## WHAT YOU HAVE TO DO
Every entry needs to be reproduced exactly.

[Extracted records]
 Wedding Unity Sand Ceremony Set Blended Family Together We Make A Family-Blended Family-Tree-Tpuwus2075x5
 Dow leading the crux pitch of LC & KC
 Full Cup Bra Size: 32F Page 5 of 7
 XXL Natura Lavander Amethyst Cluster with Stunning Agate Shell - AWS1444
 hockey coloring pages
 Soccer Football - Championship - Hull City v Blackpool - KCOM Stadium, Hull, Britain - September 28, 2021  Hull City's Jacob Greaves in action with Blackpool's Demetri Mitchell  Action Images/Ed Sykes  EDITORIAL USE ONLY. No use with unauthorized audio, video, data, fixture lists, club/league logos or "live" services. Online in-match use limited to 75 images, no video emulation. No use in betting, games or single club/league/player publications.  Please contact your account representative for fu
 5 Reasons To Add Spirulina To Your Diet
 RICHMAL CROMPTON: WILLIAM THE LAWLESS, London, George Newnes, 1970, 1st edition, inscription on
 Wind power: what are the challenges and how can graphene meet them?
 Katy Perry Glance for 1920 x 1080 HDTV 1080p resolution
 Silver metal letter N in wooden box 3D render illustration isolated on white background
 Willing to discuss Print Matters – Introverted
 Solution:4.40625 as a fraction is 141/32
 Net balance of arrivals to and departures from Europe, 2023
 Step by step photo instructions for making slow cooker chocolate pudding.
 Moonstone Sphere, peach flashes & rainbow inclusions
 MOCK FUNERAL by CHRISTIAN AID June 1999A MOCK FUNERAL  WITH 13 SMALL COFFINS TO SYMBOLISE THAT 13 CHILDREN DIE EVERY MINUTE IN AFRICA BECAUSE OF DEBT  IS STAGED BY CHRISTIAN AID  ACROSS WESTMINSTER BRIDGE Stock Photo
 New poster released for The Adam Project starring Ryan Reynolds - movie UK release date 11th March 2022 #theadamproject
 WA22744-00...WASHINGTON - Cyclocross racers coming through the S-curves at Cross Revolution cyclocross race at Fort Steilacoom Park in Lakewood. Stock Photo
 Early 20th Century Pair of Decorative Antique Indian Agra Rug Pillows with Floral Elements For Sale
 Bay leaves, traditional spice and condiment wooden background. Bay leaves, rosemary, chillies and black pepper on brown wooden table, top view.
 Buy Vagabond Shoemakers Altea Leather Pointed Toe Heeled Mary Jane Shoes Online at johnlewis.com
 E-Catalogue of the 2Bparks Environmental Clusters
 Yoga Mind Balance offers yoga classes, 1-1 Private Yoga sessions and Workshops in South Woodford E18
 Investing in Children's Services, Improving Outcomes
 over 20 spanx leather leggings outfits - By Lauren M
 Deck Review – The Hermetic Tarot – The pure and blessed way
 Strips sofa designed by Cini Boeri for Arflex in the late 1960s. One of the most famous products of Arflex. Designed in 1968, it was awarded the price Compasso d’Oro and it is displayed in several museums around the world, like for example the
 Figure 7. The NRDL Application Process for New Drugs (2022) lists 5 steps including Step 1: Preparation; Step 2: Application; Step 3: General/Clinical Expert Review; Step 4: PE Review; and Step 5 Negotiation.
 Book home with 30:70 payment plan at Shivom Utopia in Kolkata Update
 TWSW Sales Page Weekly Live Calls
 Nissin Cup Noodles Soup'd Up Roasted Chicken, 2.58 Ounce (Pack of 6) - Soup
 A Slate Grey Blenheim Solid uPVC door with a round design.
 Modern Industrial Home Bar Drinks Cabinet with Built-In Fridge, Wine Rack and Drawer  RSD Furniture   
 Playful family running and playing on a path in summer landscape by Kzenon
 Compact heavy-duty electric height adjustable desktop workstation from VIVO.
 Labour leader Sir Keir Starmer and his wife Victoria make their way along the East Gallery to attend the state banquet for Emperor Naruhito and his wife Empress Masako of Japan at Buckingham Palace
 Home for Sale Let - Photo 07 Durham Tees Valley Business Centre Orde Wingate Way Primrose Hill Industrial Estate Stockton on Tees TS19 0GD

## WRITTEN RESPONSE
 Wedding Unity Sand Ceremony Set Blended Family Together We Make A Family-Blended Family-Tree-Tpuwus2075x5
 Dow leading the crux pitch of LC & KC
 Full Cup Bra Size: 32F Page 5 of 7
 XXL Natura Lavander Amethyst Cluster with Stunning Agate Shell - AWS1444
 hockey coloring pages
 Soccer Football - Championship - Hull City v Blackpool - KCOM Stadium, Hull, Britain - September 28, 2021  Hull City's Jacob Greaves in action with Blackpool's Demetri Mitchell  Action Images/Ed Sykes  EDITORIAL USE ONLY. No use with unauthorized audio, video, data, fixture lists, club/league logos or "live" services. Online in-match use limited to 75 images, no video emulation. No use in betting, games or single club/league/player publications.  Please contact your account representative for fu
 5 Reasons To Add Spirulina To Your Diet
 RICHMAL CROMPTON: WILLIAM THE LAWLESS, London, George Newnes, 1970, 1st edition, inscription on
 Wind power: what are the challenges and how can graphene meet them?
 Katy Perry Glance for 1920 x 1080 HDTV 1080p resolution
 Silver metal letter N in wooden box 3D render illustration isolated on white background
 Willing to discuss Print Matters – Introverted
 Solution:4.40625 as a fraction is 141/32
 Net balance of arrivals to and departures from Europe, 2023
 Step by step photo instructions for making slow cooker chocolate pudding.
 Moonstone Sphere, peach flashes & rainbow inclusions
 MOCK FUNERAL by CHRISTIAN AID June 1999A MOCK FUNERAL  WITH 13 SMALL COFFINS TO SYMBOLISE THAT 13 CHILDREN DIE EVERY MINUTE IN AFRICA BECAUSE OF DEBT  IS STAGED BY CHRISTIAN AID  ACROSS WESTMINSTER BRIDGE Stock Photo
 New poster released for The Adam Project starring Ryan Reynolds - movie UK release date 11th March 2022 #theadamproject
 WA22744-00...WASHINGTON - Cyclocross racers coming through the S-curves at Cross Revolution cyclocross race at Fort Steilacoom Park in Lakewood. Stock Photo
 Early 20th Century Pair of Decorative Antique Indian Agra Rug Pillows with Floral Elements For Sale
 Bay leaves, traditional spice and condiment wooden background. Bay leaves, rosemary, chillies and black pepper on brown wooden table, top view.
 Buy Vagabond Shoemakers Altea Leather Pointed Toe Heeled Mary Jane Shoes Online at johnlewis.com
 E-Catalogue of the 2Bparks Environmental Clusters
 Yoga Mind Balance offers yoga classes, 1-1 Private Yoga sessions and Workshops in South Woodford E18
 Investing in Children's Services, Improving Outcomes
 over 20 spanx leather leggings outfits - By Lauren M
 Deck Review – The Hermetic Tarot – The pure and blessed way
 Strips sofa designed by Cini Boeri for Arflex in the late 1960s. One of the most famous products of Arflex. Designed in 1968, it was awarded the price Compasso d’Oro and it is displayed in several museums around the world, like for example the
 Figure 7. The NRDL Application Process for New Drugs (2022) lists 5 steps including Step 1: Preparation; Step 2: Application; Step 3: General/Clinical Expert Review; Step 4: PE Review; and Step 5 Negotiation.
 Book home with 30:70 payment plan at Shivom Utopia in Kolkata Update
 TWSW Sales Page Weekly Live Calls
 Nissin Cup Noodles Soup'd Up Roasted Chicken, 2.58 Ounce (Pack of 6) - Soup
 A Slate Grey Blenheim Solid uPVC door with a round design.
 Modern Industrial Home Bar Drinks Cabinet with Built-In Fridge, Wine Rack and Drawer  RSD Furniture   
 Playful family running and playing on a path in summer landscape by Kzenon
 Compact heavy-duty electric height adjustable desktop workstation from VIVO.
 Labour leader Sir Keir Starmer and his wife Victoria make their way along the East Gallery to attend the state banquet for Emperor Naruhito and his wife Empress Masako of Japan at Buckingham Palace
 Home for Sale Let - Photo 07 Durham Tees Valley Business Centre Orde Wingate Way Primrose Hill Industrial Estate Stockton on Tees TS19 0GD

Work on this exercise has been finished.